Verifying the legitimacy while protecting privacy

Beyond shielding job seekers from fraudulent offers, companies must also protect themselves from impersonation or fraud by candidates.

In that sense, Choy recommends HR teams to implement robust verification system, such as multi-factor authentication and document verification protocols, to confirm the legitimacy of candidates.

However, these measures must be prudentially balanced with privacy considerations.

In Hong Kong, companies are subject to obligations under the Personal Data (Privacy) Ordinance (PDPO) when handling personal data during recruitment.

“Striking the right balance between verifying the legitimacy of job applications and safeguarding applicants' privacy is essential – not only for legal compliance, but also to build and maintain trust throughout the hiring process,” Choy stresses.

He further elaborates several key steps companies should take to protect candidate privacy:

• Adopt a data minimisation approach: Collect only the personal data strictly necessary to assess a candidate's suitability for the role being recruited for. Avoid requesting sensitive candidate information at this stage, unless there is a compelling and reasonable reason to do so.
  
• Provide clear notifications: Under the PDPO, employers are required to notify applicants on or before collecting their personal data, typically by way of a Personal Information Collection Statements (PICS).
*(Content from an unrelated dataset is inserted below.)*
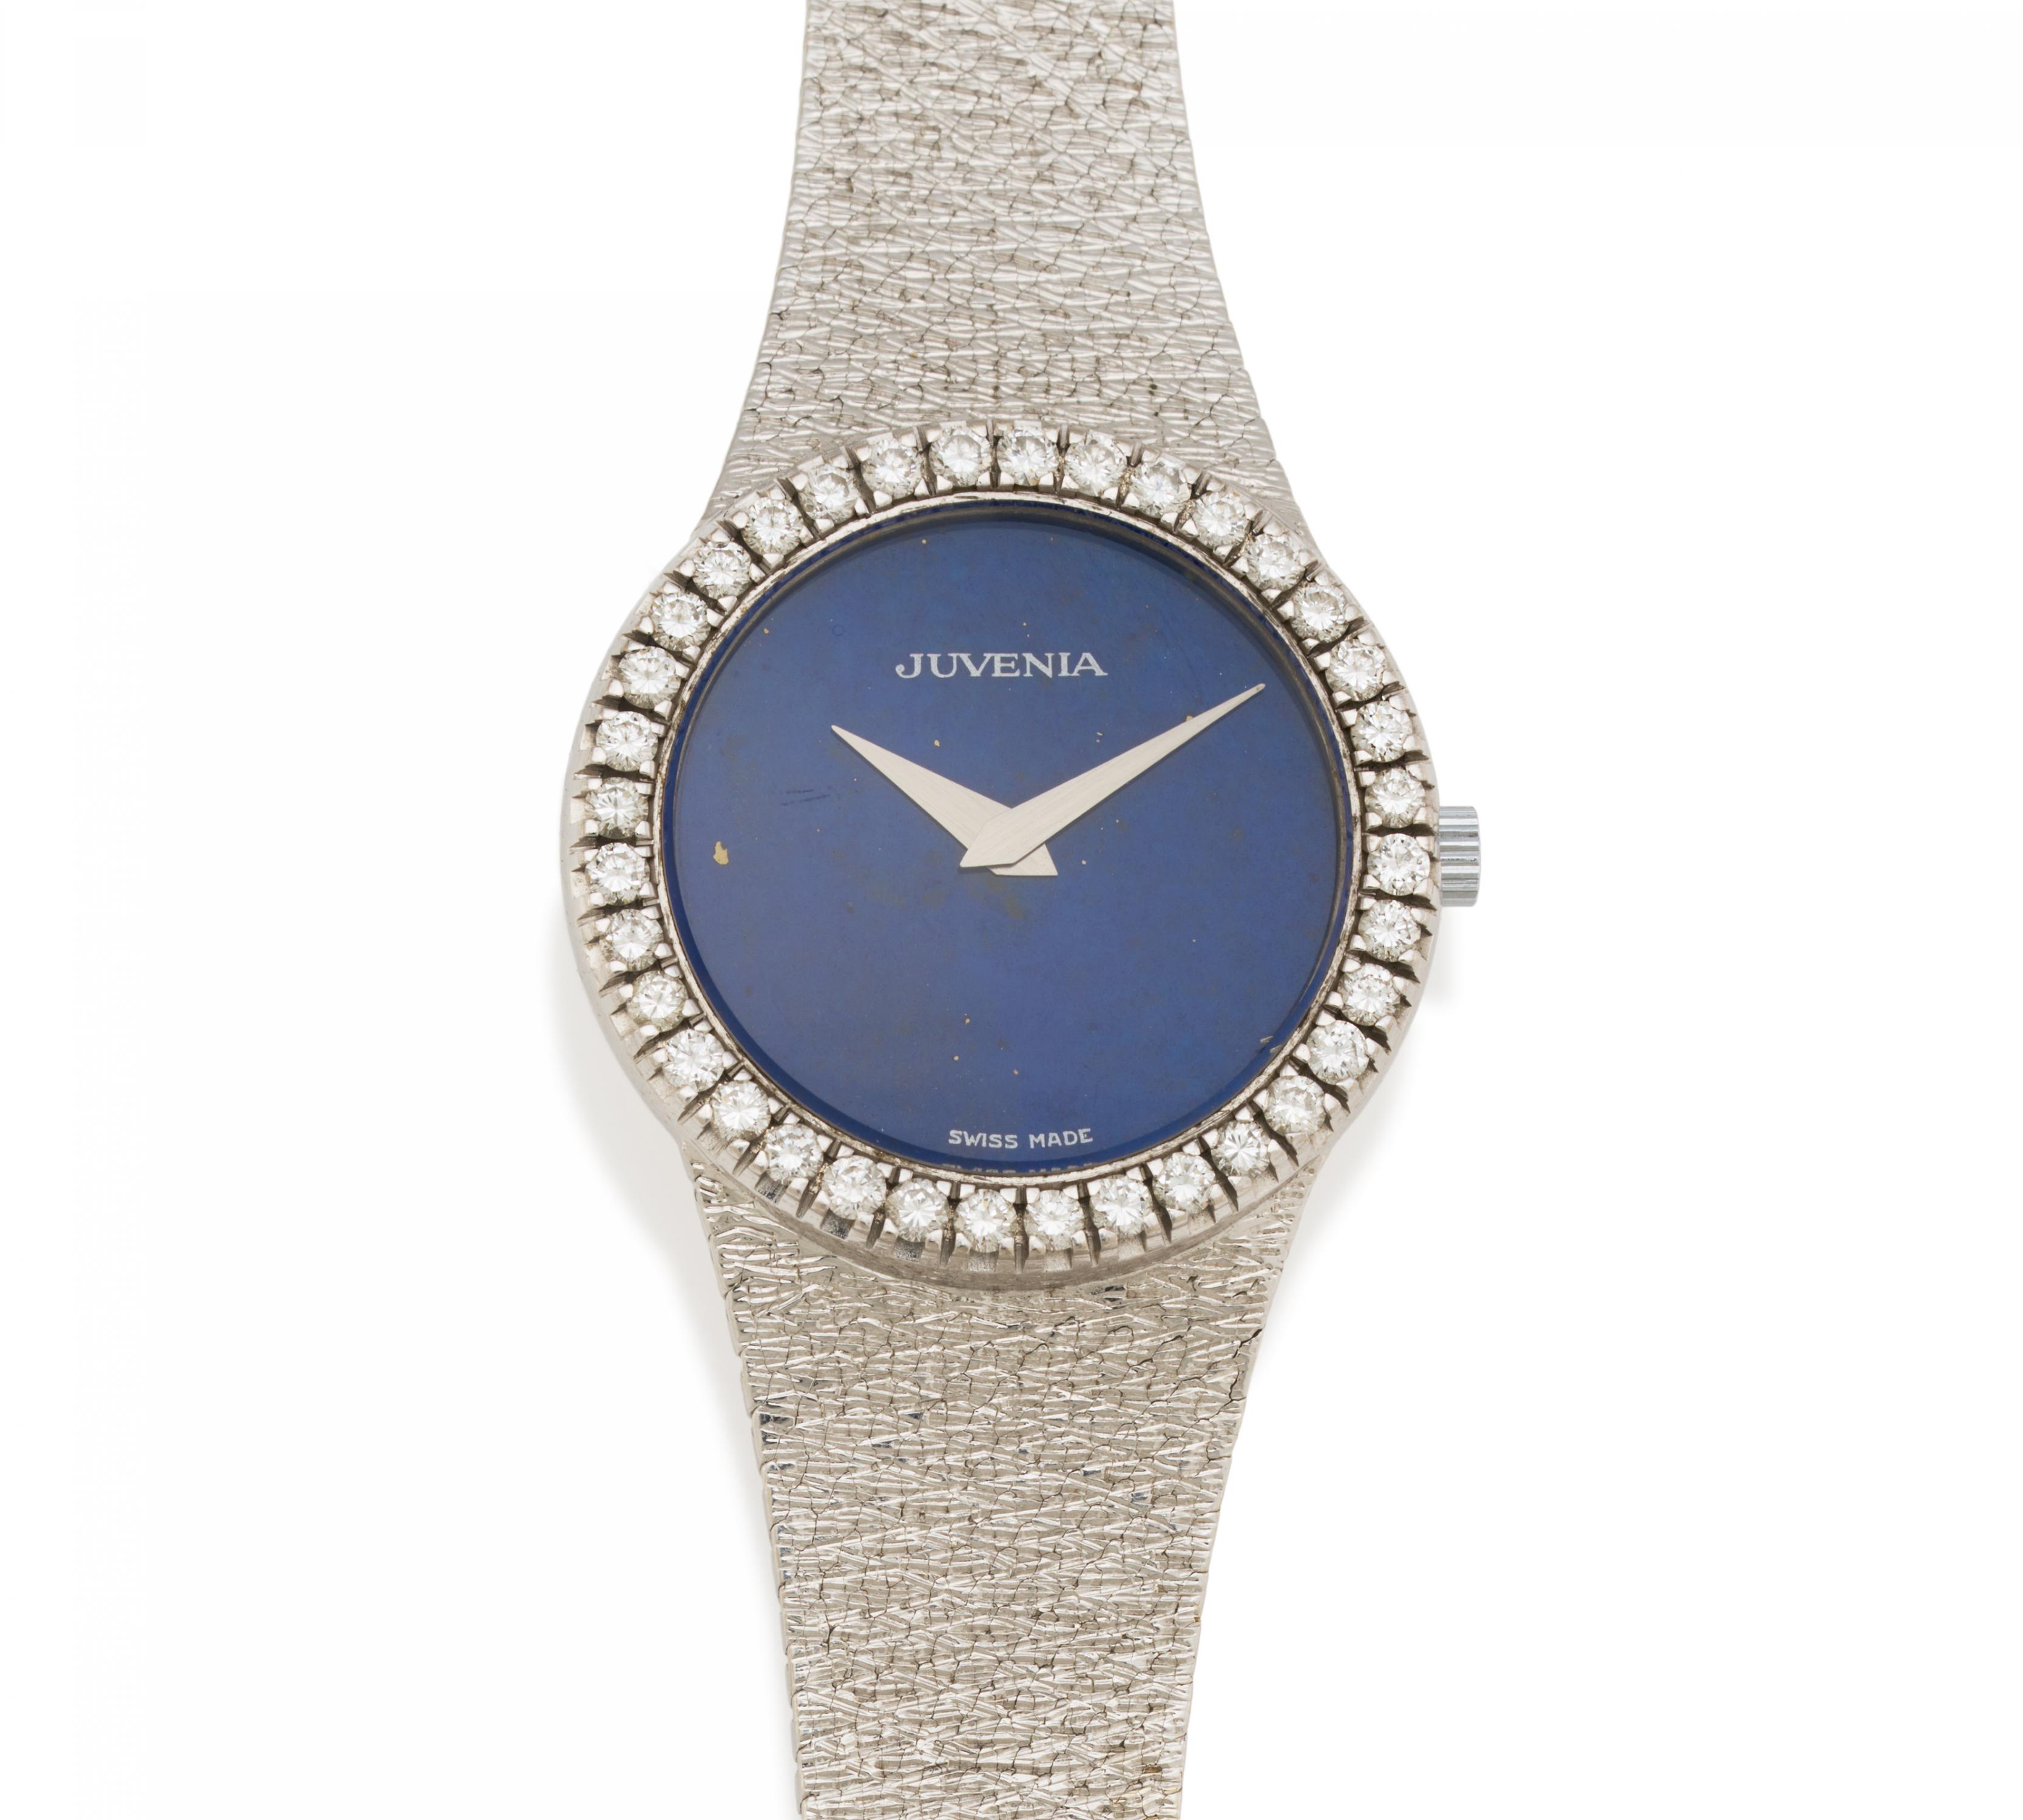 Juvenia - Armbanduhr, 73506-3, Van Ham Kunstauktionen

A well drafted PICS should outline the purpose of data collection, the types of data being collected, the classes of transferees, whether provision of the data is obligatory or voluntary, and the applicant's rights to access and correct their data.
  
• Ensure secure data storage: Use encrypted systems and implement access controls to ensure that only authorised personnel can view or process sensitive information. This helps reduce the risk of internal breaches or misuse.
  
• Implement and adhere to a data retention policy: In Hong Kong, personal data of unsuccessful applicants should generally be retained for no longer than two years, unless the applicant has given explicit consent for a longer retention period or there is otherwise a subsisting reason that obliges the employer to retain the data for a longer period.

And extra consideration should be taken when it involves third-party platforms or agencies.
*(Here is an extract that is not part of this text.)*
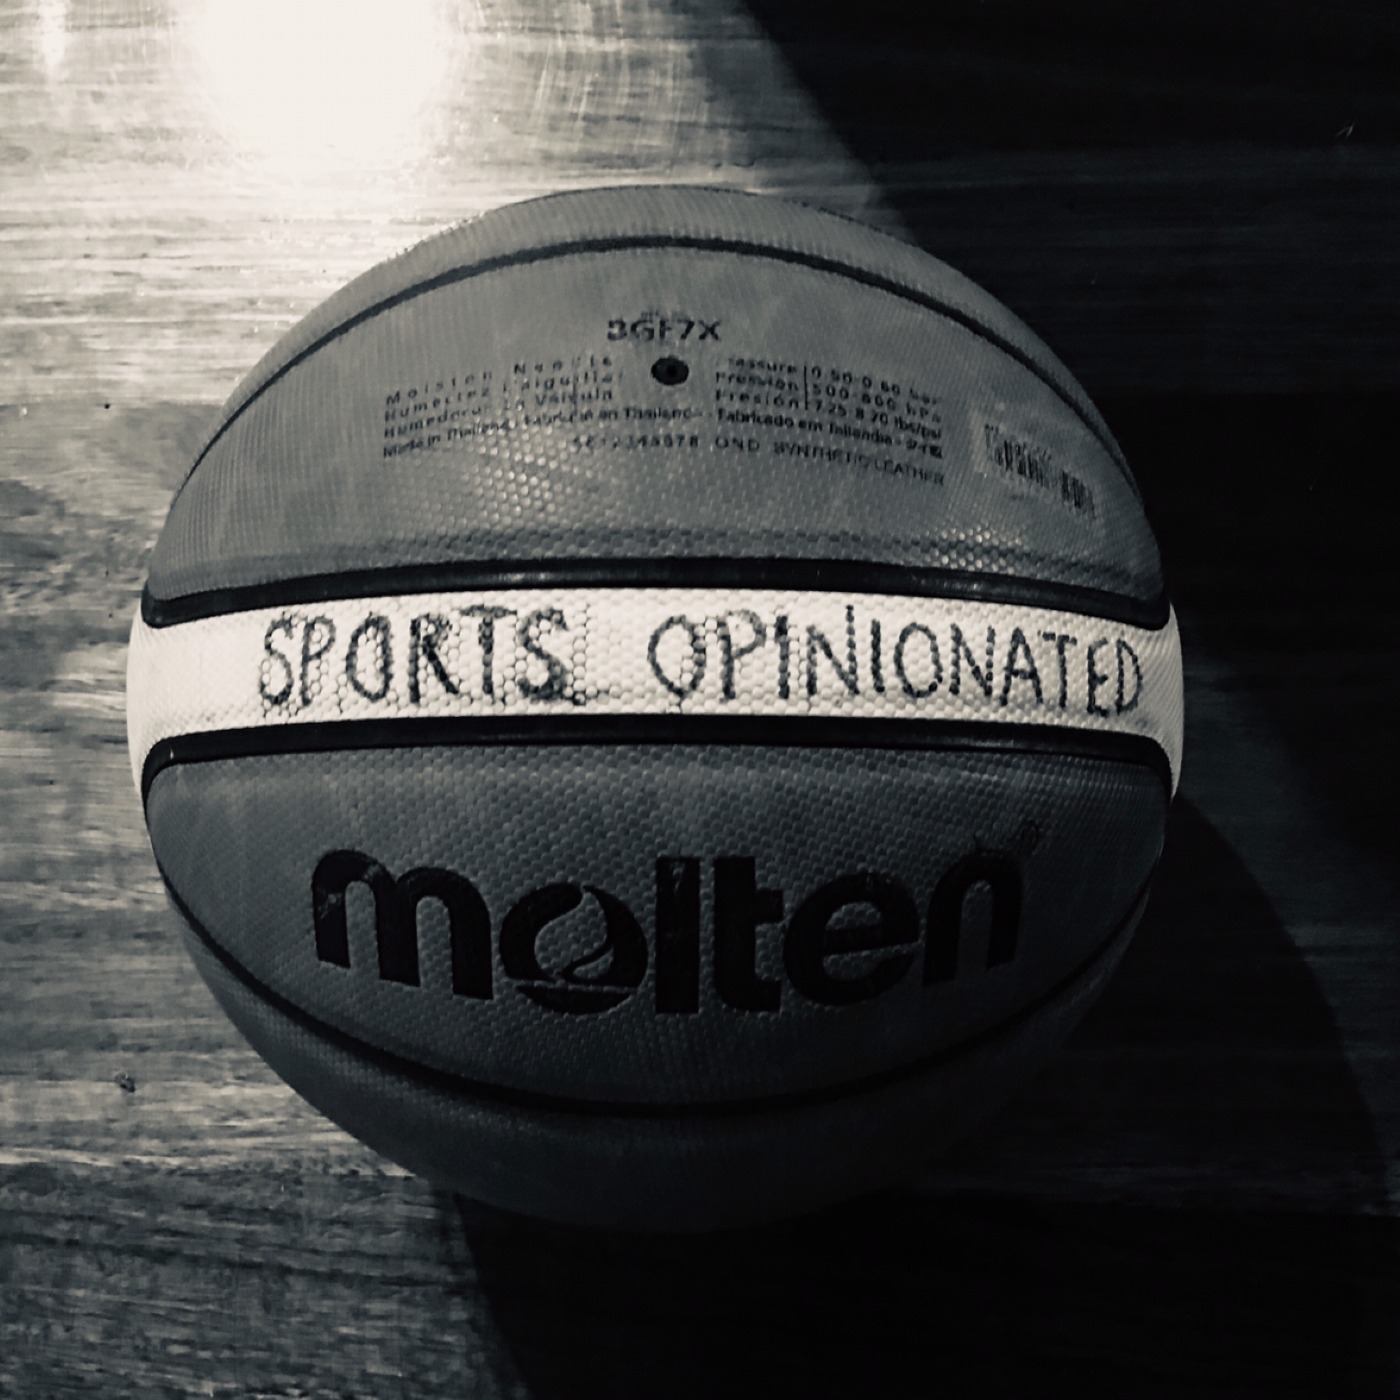 Sports Opinionated - Pod 14 - 2020 NBA Playoffs - The NBA Finals

“Companies must exercise due diligence when selecting external recruiters,” Choy emphasises.

“This includes thoroughly vetting recruitment agencies and requiring them to adhere to the organisation's data privacy and cybersecurity standards. Formalising these expectations by incorporation into service agreements or standalone confidentiality agreements can increase legal accountability and compliance of third parties.”

Final note

While Hong Kong law does not currently mandate companies to report a crime or data breaches, Choy advises that organisations should still take proactive steps when such incidents occur. This includes reporting scams to the ADCC, and notifying the Office of the Privacy Commissioner for Personal Data (PCPD) if any personal data has been compromised.

After all, in a market where reputation is everything, job scams are more than just a nuisance – they are a strategic risk. Companies must treat impersonation threats with the same seriousness as cybersecurity breaches, taking swift, transparent, and proactive measures to protect their brand, their candidates, and their long-term credibility.